No picture belongs in the copy. Repeat each line below exactly.

-------- Dataset

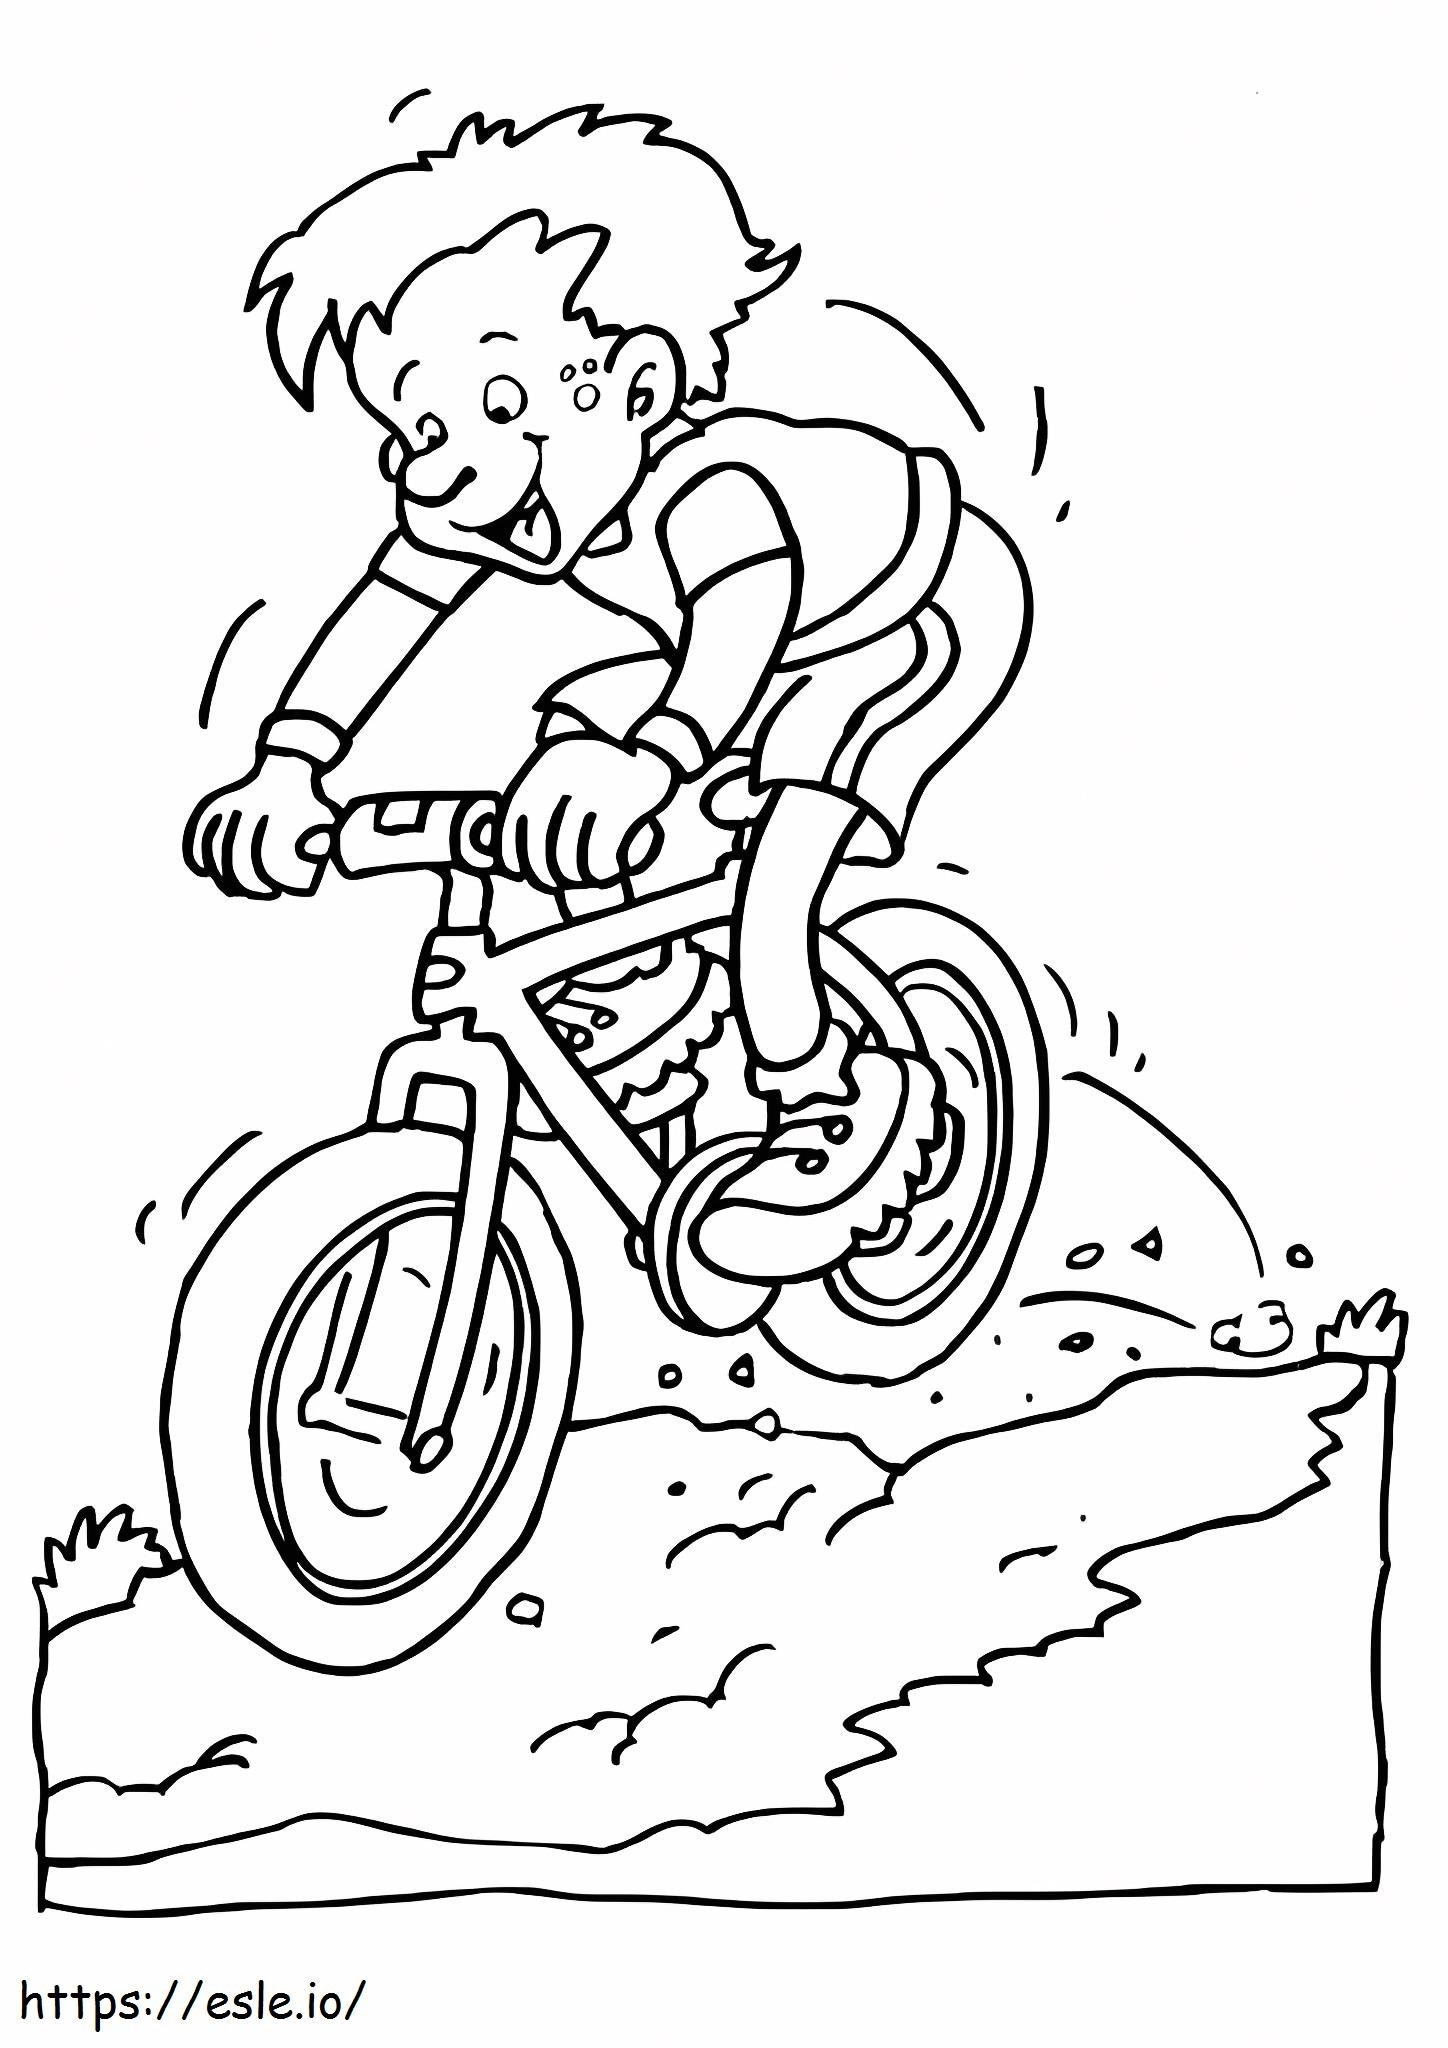 Cycling Funny Boy coloring page
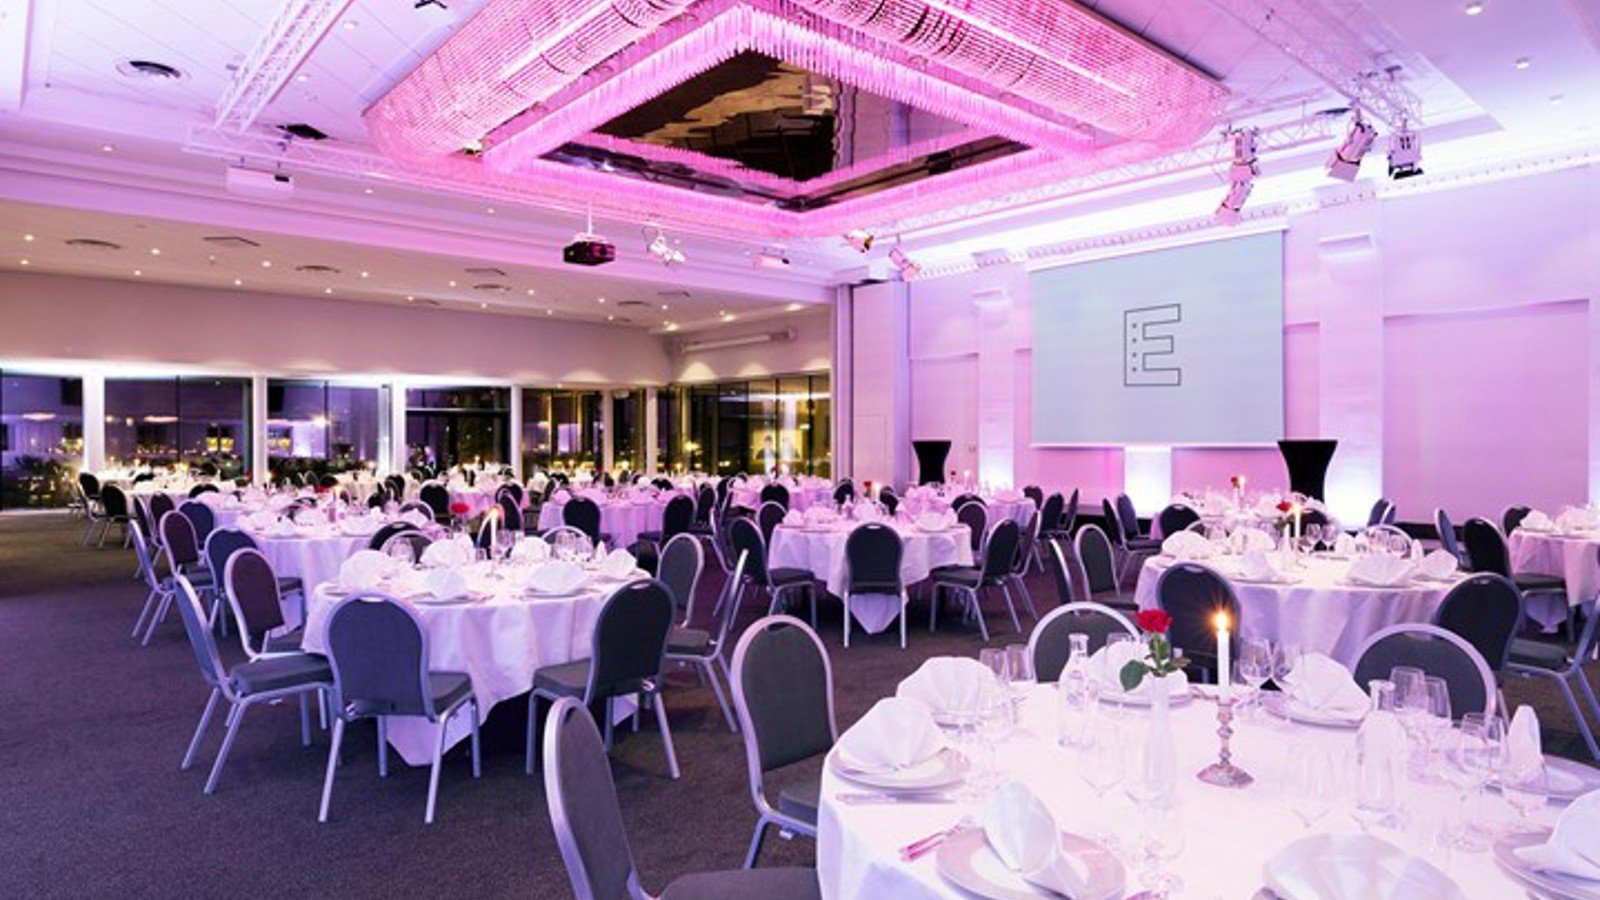 Event with round tables and pink lighting
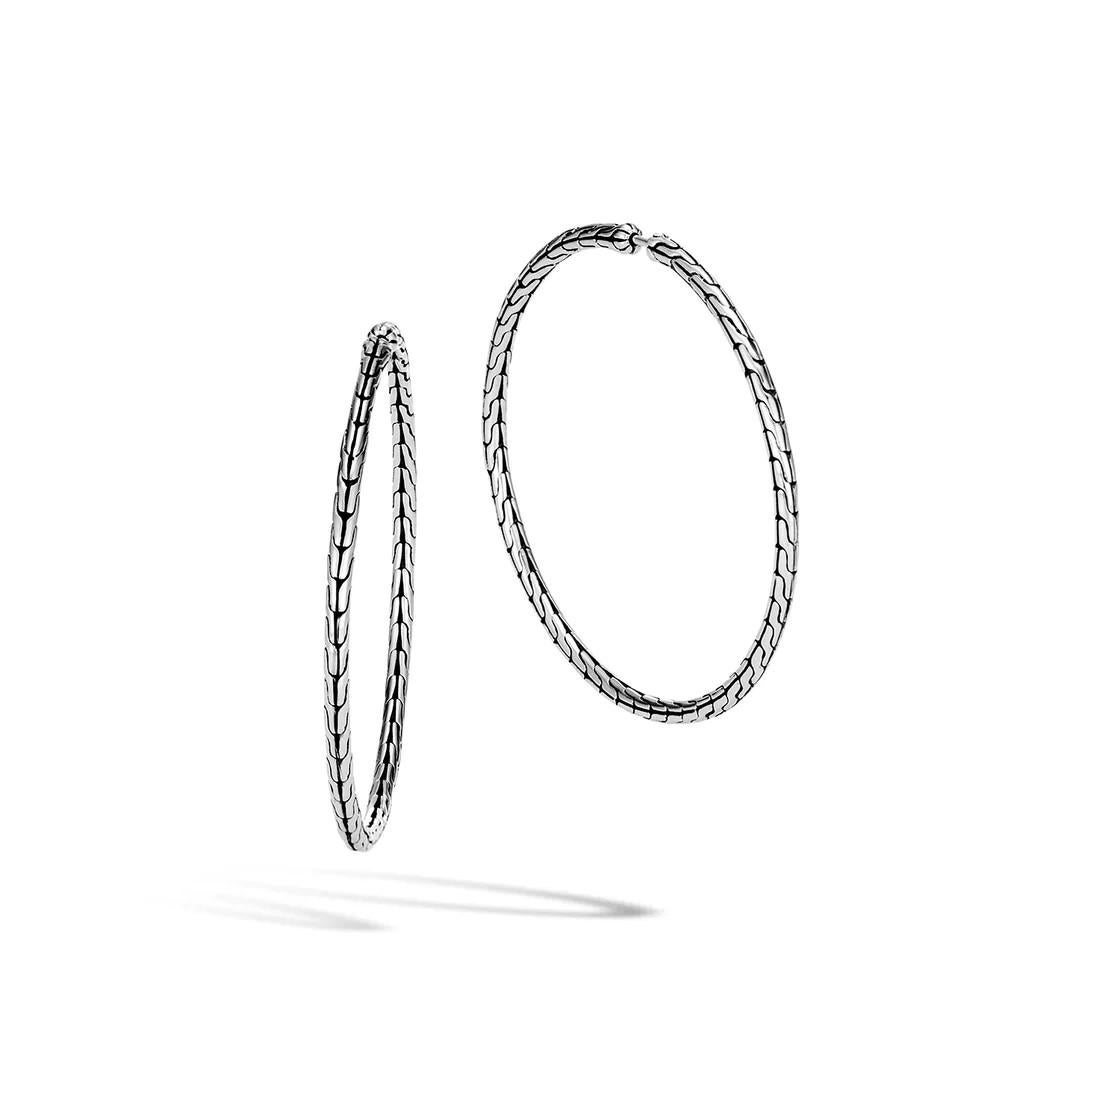 John Hardy craftsmanship radiates from these sterling silver hoop earrings! With a titanium hoop closure and a stunning 71.5MM x 71.5MM size, these earrings will make a statement wherever you go!

John Hardy
Sterling Silver Hoop Earrings
Metal:
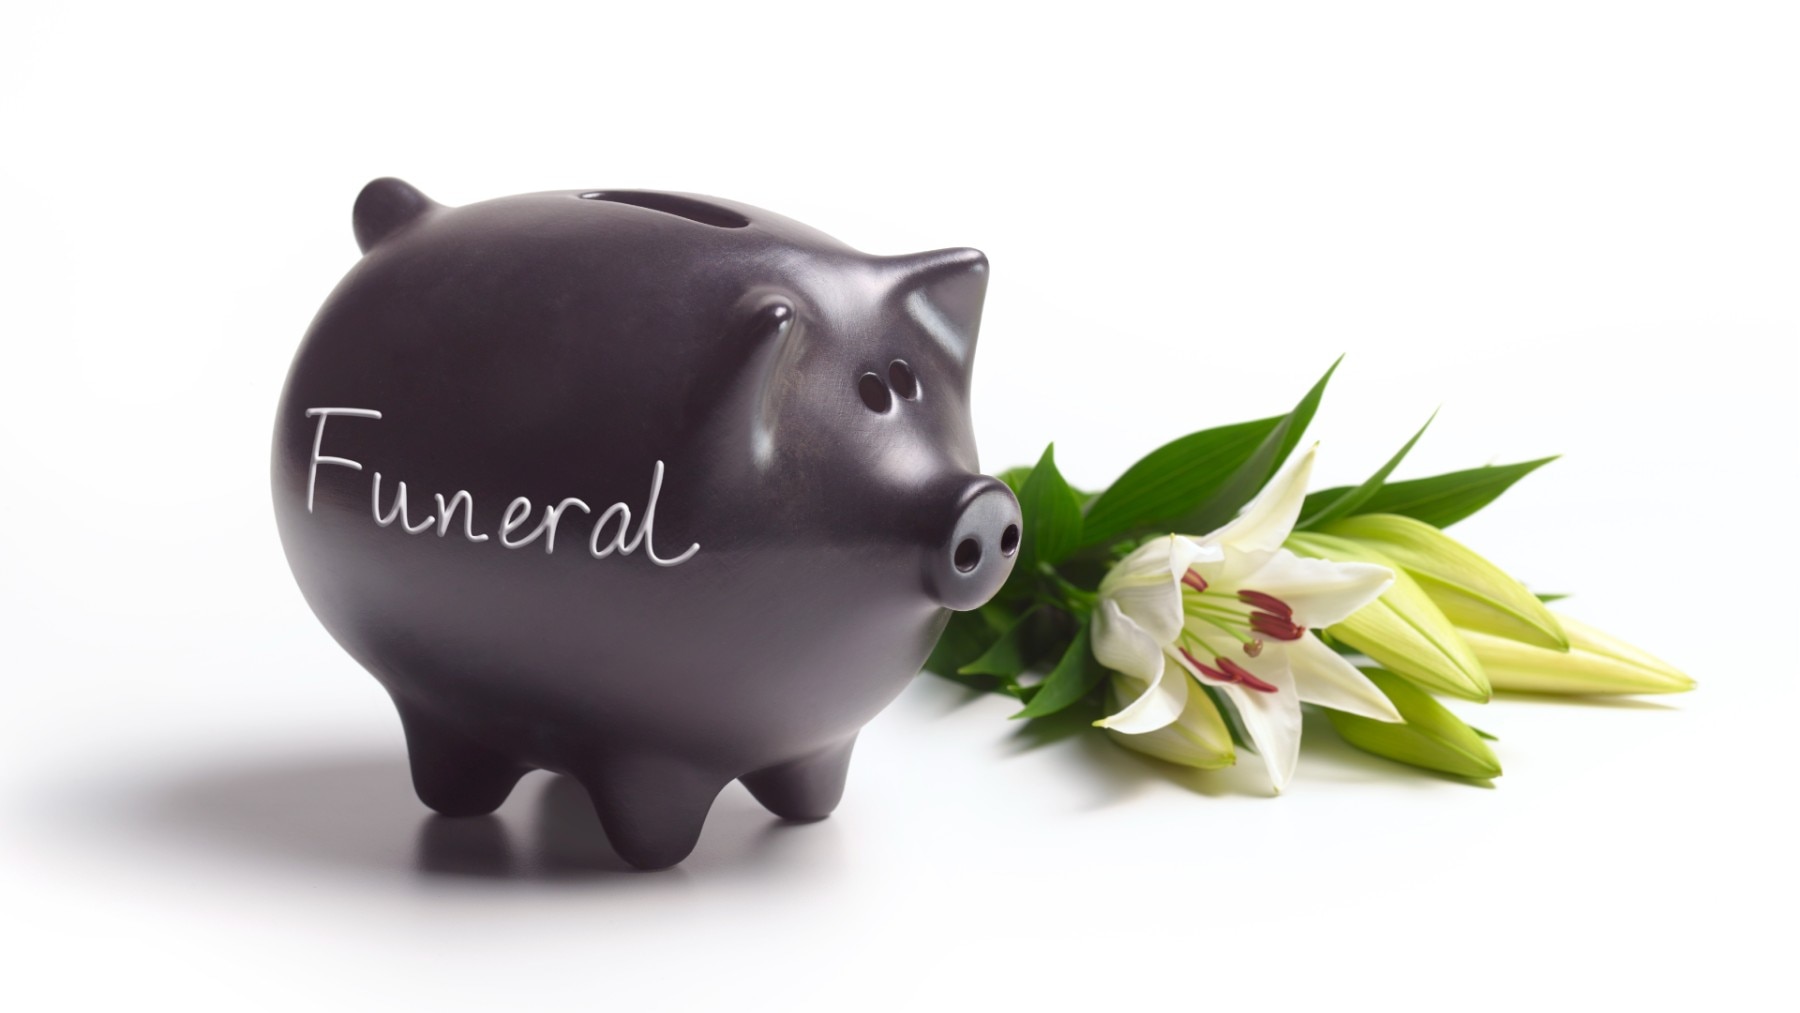 Funerals can be costly

----------------

▶ **Output below**:
 Cycling Funny Boy coloring page
 Event with round tables and pink lighting
 John Hardy craftsmanship radiates from these sterling silver hoop earrings! With a titanium hoop closure and a stunning 71.5MM x 71.5MM size, these earrings will make a statement wherever you go!

John Hardy
Sterling Silver Hoop Earrings
Metal:
 Funerals can be costly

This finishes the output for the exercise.